* Exercise requirements *
The word "Fotografie" occurs in some of the lines below; copy each of those lines.

* Data for review *
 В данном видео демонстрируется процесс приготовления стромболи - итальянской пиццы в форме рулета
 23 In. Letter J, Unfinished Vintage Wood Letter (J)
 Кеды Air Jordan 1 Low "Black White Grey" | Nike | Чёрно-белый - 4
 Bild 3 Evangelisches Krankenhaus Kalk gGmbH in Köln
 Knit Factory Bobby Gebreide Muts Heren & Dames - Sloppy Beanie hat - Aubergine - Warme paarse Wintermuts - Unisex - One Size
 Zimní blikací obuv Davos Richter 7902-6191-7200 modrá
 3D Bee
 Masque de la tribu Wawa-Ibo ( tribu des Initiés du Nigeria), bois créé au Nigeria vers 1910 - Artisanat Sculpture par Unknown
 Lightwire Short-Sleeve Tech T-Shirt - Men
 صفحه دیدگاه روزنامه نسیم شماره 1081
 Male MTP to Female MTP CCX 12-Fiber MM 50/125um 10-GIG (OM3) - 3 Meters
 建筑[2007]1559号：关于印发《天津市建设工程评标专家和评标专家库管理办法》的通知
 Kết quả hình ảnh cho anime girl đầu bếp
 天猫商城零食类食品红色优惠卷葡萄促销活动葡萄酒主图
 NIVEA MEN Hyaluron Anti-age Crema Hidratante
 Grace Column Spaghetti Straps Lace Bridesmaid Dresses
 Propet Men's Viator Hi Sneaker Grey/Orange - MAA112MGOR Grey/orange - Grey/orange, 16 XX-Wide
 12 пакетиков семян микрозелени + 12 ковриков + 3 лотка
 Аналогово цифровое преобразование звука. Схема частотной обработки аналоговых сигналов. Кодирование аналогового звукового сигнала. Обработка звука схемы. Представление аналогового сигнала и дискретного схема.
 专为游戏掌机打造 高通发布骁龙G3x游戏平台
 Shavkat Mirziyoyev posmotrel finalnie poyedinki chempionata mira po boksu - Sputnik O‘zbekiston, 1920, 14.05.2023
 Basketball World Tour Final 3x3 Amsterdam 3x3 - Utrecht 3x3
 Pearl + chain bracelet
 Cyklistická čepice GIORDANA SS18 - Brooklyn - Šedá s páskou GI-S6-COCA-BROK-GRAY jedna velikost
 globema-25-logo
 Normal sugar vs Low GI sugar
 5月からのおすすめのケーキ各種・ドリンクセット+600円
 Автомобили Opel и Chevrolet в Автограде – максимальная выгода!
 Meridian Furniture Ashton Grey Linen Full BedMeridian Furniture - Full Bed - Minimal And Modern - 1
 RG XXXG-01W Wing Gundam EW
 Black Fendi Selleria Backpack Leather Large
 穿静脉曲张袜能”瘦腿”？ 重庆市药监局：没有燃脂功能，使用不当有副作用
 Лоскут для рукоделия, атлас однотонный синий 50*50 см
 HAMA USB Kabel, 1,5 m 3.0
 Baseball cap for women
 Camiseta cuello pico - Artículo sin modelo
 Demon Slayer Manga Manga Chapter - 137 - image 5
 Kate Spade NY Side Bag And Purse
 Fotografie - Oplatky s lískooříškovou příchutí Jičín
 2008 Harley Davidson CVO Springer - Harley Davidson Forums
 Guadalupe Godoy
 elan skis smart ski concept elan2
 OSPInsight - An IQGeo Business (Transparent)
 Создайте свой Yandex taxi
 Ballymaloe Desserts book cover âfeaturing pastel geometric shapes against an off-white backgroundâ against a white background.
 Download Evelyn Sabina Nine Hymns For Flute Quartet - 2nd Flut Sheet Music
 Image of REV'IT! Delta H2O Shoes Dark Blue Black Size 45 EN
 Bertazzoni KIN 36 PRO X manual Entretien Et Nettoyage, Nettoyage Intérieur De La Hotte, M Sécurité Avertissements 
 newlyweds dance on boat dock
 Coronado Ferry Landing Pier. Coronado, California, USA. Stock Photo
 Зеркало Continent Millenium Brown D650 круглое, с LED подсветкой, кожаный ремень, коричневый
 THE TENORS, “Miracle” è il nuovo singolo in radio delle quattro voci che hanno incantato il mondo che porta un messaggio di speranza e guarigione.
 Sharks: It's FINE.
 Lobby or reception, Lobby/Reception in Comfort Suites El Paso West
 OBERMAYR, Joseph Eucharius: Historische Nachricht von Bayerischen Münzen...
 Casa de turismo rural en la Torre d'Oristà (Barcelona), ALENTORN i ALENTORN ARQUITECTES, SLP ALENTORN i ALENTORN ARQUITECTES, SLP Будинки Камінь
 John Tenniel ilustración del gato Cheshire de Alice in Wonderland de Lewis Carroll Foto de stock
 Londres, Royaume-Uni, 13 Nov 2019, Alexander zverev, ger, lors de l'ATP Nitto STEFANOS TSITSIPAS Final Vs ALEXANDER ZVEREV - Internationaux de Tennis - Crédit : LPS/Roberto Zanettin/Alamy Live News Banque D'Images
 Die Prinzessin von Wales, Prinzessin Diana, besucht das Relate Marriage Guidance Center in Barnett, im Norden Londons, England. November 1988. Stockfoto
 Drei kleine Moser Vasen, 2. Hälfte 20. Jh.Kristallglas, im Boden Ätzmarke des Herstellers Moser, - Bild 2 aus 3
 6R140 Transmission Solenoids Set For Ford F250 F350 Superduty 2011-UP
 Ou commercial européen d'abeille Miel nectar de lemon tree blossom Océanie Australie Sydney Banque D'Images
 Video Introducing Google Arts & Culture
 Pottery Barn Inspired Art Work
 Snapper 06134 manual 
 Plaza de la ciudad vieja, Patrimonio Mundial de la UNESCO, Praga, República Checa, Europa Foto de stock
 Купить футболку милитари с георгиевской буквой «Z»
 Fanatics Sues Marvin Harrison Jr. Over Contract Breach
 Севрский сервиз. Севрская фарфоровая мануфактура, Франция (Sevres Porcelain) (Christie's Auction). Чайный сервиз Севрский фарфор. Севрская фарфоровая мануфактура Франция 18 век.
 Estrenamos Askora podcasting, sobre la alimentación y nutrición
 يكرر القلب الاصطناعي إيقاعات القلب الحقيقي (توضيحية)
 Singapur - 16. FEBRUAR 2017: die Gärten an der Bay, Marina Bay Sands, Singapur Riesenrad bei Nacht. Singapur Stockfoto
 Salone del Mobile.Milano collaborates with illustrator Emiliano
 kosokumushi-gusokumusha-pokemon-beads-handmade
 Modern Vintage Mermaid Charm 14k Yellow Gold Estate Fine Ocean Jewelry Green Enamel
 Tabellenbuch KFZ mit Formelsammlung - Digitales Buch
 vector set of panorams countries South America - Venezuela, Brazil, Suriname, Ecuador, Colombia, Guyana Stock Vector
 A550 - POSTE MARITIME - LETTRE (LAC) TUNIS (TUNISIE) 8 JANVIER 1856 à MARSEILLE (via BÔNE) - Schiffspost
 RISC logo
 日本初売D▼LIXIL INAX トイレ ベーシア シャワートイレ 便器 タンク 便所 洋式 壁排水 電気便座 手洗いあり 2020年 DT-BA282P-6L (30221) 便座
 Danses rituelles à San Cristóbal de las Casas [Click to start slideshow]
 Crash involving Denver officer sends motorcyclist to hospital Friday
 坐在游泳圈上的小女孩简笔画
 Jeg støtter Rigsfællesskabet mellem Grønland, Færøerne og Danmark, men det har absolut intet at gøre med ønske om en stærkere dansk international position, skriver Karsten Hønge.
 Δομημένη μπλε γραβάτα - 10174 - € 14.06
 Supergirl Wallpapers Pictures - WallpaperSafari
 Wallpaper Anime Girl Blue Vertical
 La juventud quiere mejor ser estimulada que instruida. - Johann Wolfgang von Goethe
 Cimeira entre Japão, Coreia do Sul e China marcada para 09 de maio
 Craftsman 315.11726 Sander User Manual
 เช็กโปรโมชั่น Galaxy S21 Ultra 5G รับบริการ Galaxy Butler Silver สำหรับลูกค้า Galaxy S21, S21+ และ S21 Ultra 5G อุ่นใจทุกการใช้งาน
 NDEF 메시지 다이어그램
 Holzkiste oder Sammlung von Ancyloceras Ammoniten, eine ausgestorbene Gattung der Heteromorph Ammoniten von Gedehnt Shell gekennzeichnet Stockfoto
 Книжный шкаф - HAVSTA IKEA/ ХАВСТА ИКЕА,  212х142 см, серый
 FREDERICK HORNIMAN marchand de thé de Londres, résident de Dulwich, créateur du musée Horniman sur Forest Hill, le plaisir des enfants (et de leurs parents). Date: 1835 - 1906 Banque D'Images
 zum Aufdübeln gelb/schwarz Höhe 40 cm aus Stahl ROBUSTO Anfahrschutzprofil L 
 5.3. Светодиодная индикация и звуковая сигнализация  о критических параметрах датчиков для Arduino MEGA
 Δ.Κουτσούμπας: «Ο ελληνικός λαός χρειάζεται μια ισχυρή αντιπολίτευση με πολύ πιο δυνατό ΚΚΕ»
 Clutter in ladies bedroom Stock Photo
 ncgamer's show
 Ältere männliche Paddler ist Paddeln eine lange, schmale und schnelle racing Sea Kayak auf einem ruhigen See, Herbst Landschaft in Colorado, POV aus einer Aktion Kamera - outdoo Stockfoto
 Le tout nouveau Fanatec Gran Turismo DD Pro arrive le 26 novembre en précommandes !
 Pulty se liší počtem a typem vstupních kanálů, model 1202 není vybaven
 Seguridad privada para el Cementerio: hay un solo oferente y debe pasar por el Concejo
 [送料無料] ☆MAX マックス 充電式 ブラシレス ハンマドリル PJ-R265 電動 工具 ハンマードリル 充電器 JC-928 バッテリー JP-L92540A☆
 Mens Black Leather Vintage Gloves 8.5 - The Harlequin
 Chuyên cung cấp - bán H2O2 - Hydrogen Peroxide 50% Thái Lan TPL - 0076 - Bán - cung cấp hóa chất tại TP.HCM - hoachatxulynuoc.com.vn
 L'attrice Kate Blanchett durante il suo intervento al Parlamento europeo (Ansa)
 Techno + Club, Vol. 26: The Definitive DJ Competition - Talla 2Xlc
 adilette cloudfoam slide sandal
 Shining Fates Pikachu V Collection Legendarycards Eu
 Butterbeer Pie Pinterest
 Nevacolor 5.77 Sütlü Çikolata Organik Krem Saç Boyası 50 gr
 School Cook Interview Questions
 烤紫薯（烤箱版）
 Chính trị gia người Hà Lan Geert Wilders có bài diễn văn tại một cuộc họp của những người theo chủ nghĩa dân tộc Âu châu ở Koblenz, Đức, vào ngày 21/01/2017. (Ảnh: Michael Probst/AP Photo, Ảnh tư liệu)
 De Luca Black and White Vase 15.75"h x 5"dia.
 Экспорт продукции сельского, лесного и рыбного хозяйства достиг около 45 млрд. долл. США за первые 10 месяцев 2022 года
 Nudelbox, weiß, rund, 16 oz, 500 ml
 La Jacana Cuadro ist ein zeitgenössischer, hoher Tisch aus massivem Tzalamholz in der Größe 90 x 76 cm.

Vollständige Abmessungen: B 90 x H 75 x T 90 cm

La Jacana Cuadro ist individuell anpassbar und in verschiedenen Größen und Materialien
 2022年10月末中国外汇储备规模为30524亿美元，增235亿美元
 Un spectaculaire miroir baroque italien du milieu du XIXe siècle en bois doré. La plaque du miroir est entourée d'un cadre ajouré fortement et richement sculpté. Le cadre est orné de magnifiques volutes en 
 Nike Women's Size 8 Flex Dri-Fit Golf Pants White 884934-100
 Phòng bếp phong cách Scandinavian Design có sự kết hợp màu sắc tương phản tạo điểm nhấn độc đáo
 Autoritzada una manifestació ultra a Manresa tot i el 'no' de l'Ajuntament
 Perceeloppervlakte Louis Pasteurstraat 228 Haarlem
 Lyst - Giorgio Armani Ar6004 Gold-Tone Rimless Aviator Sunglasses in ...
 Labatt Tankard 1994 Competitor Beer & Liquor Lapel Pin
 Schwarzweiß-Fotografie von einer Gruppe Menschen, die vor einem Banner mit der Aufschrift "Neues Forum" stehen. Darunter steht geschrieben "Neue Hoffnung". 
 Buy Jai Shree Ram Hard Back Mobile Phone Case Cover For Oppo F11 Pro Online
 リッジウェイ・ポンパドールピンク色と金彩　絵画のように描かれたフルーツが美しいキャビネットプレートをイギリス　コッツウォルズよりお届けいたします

* Exercise result *
 Fotografie - Oplatky s lískooříškovou příchutí Jičín
 Schwarzweiß-Fotografie von einer Gruppe Menschen, die vor einem Banner mit der Aufschrift "Neues Forum" stehen. Darunter steht geschrieben "Neue Hoffnung". 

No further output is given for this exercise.